Surfaces that are far from the food or very easy to clean thoroughly likely don’t need to be tested as often as surfaces that come into direct contact with the product or surfaces that are particularly difficult to clean properly. For example, conveyor belts or meat slicers could be considered Zone 1 sites because they hold a much higher risk and need to be tested much more frequently than a forklift in a facility, for example; but all surfaces are important to monitor regularly.
The highest risk – Zone 1 – test points should be monitored daily, or ideally, after every time those surfaces are cleaned and again before they’re used in production. Lower risk areas can be monitored much less frequently, but they should still be tested often enough to ensure that sanitation efforts are sufficient to secure the safety of the facility.
While there are a number of adequately sensitive ATP monitoring systems available to food manufacturers to help with food safety, it’s important to evaluate each option to find the system that provides stable and consistent results, including across time and temperature changes.
Choosing a method
While many systems can give manufacturers a reading for their sampling sites’ ATP levels, some hygiene monitoring solutions have been shown to produce different changes of results on the same surfaces when tested at different times or at different temperatures.

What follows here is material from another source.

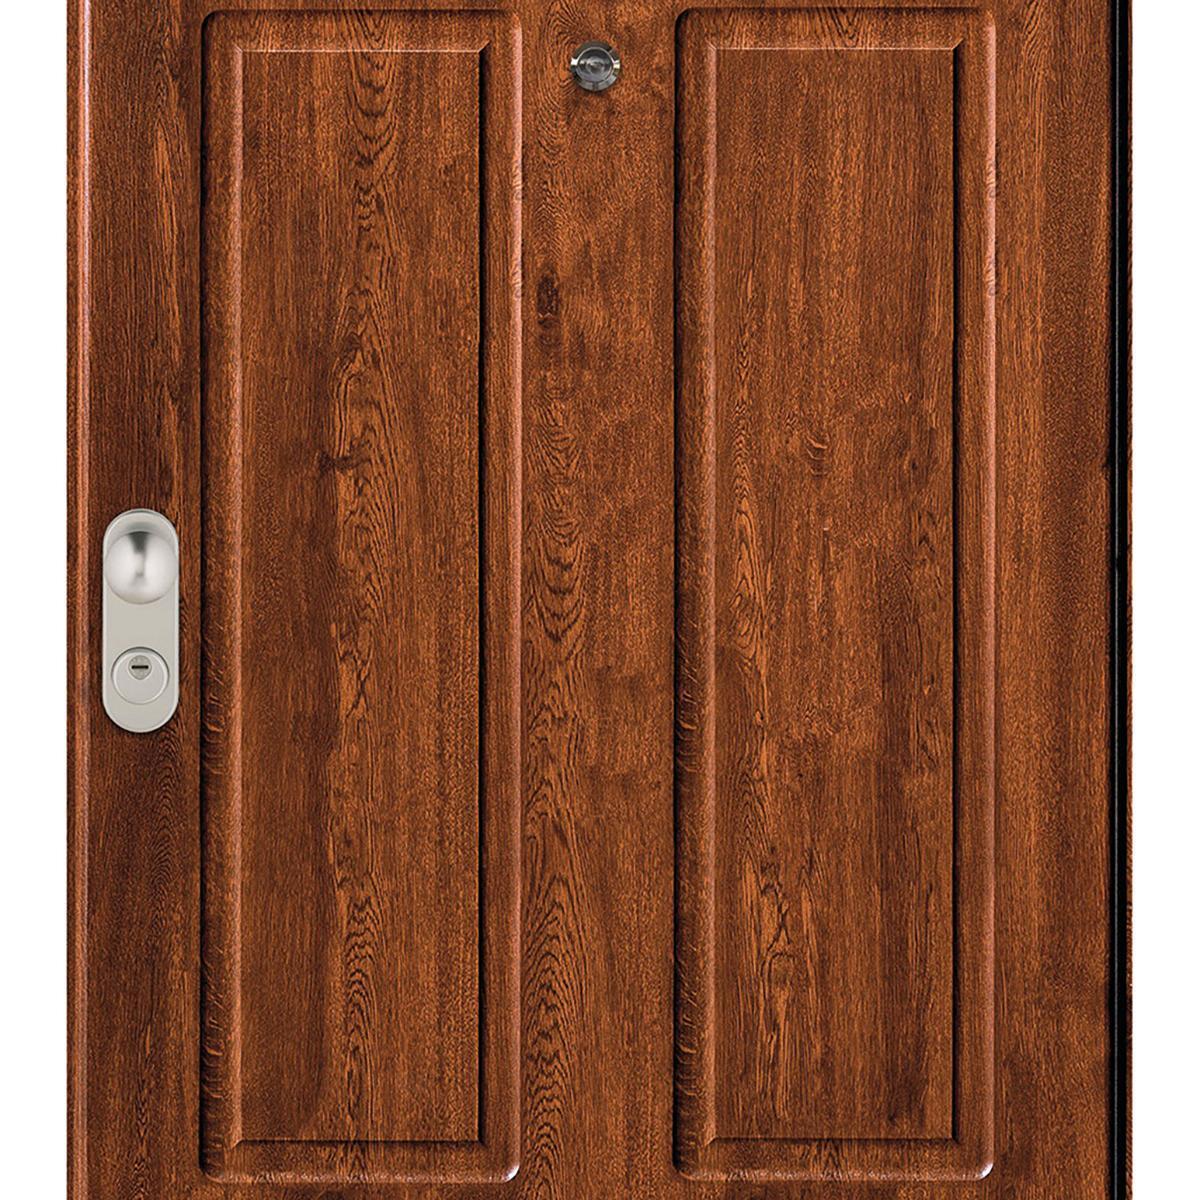 Porta blindata Iro noce L 90 x H 210 cm destra - 4
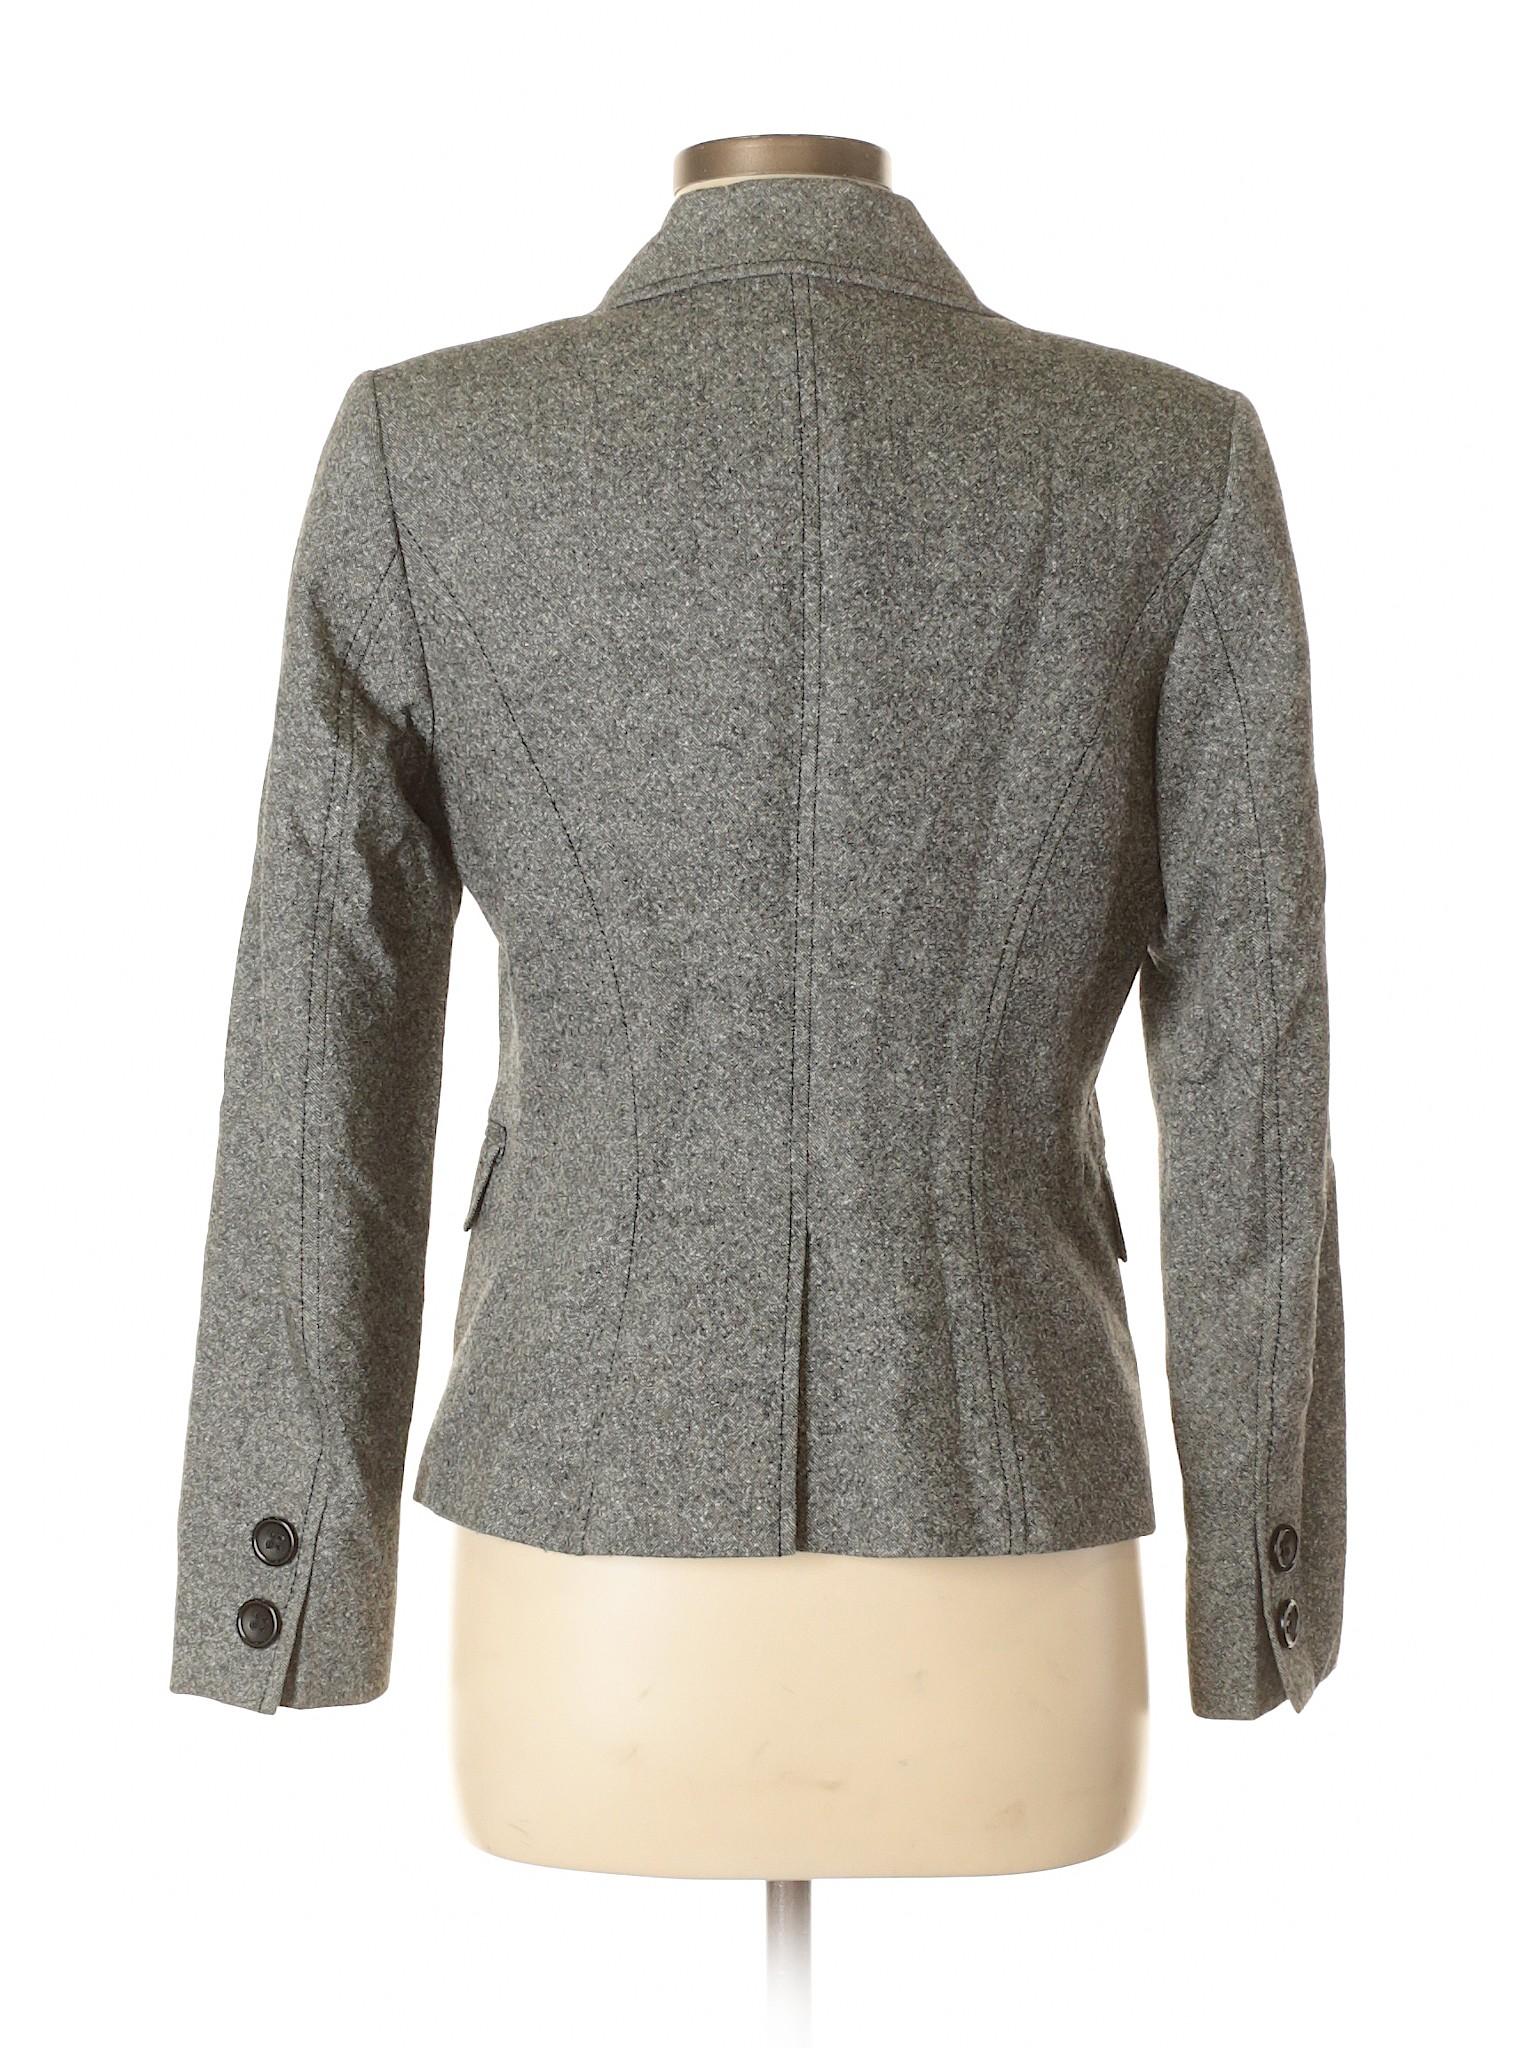 Blazer Boutique Wool Boutique leisure Pendleton leisure zgqXqwY

In a true food safety environment, the temperature of a surface in a facility that produces a refrigerated product could be well over 35°C directly after it has been power washed, but less than 10°C directly before production starts. It is important for manufacturers to take their environment into account and choose a system that will show consistent, reliable results in any production environments that are likely to occur.
A trial of any rapid hygiene monitoring system is strongly recommended, and this trial should mimic a part of the full sampling schedule. This period is when a food manufacturer can discover if the ATP system produces results that are both stable and consistent.
This is imperative because a business wants to feel comfortable relying on a hygiene monitoring solution that ensures the high-risk decision to start the production process is made with confidence and the operational risk is proactively managed.